Hello Readers! If you are a beginner, this post will get you up to speed with NLP. I will share with you my annotations that helped me learn the basics and I still use for quick reference.

Session 1 — Basics of Text Preprocessing

Tokenization

Definition — Breaking sentences into words.

Stopwords

Definition — Removing those words from the sentences which are repetitive and do not contribute much to the understanding of the actual meaning.

Example : I am going to go to his house.

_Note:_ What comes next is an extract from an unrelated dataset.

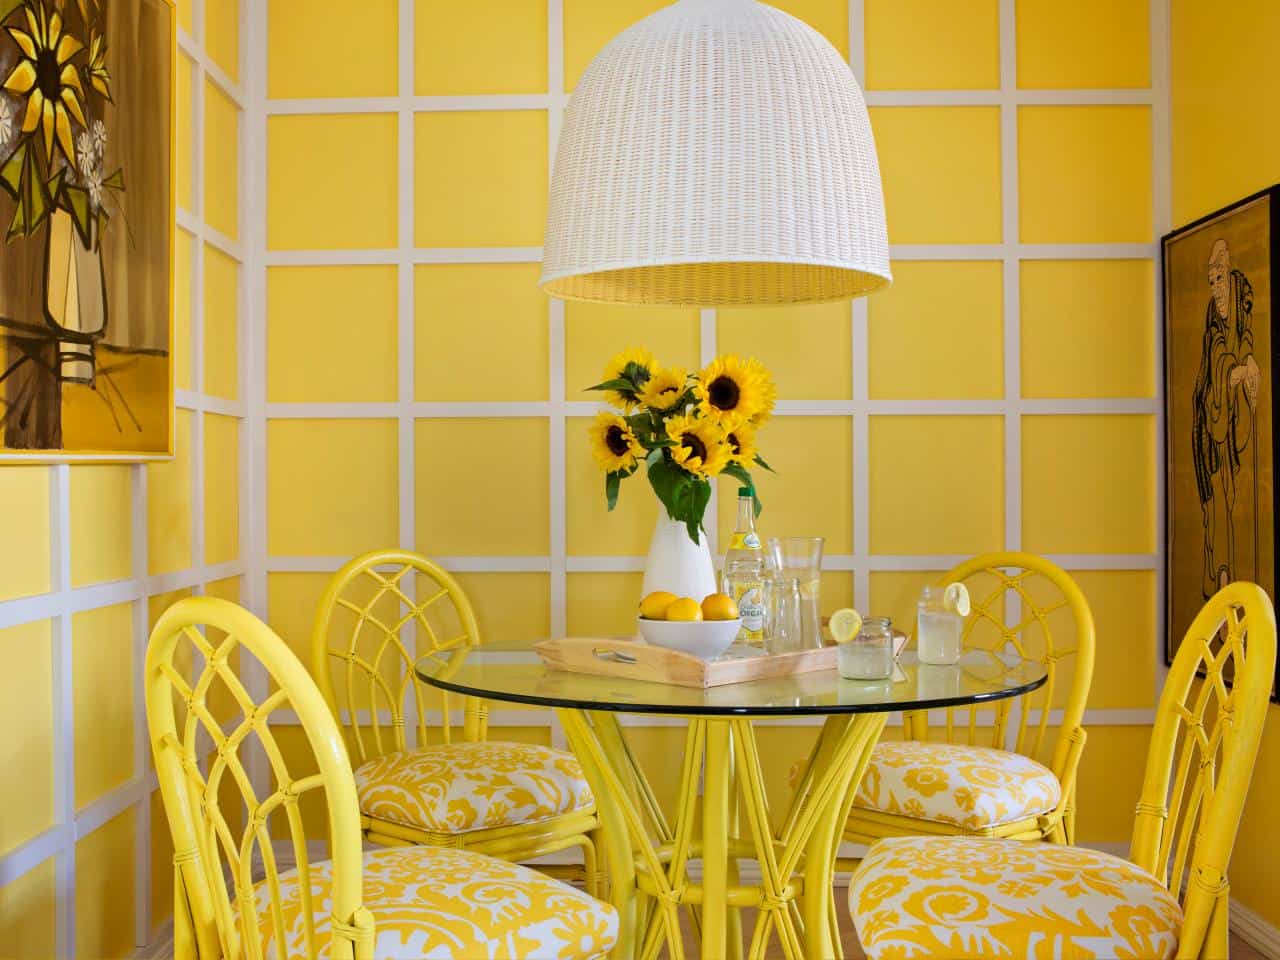 We love the idea of using yellow as the main hue for your breakfast nook.

Here the word "to" is being repeated twice though it is necessary to make the sentence grammatically right, but not necessary to express the meaning of the sentence , the sentence would still convey the same message without it.

Stemming

Definition — Finding the base of each word in the sentence after step 2 that is after removing stopwords.

Example : There are two words in the sentence, history, historical . So the base word that is common in all of them is histor, so that becomes the stem or base . At times the base word comes out to be such that it becomes meaningless, this is a disadvantage of Stemming. Like histor is meaningless.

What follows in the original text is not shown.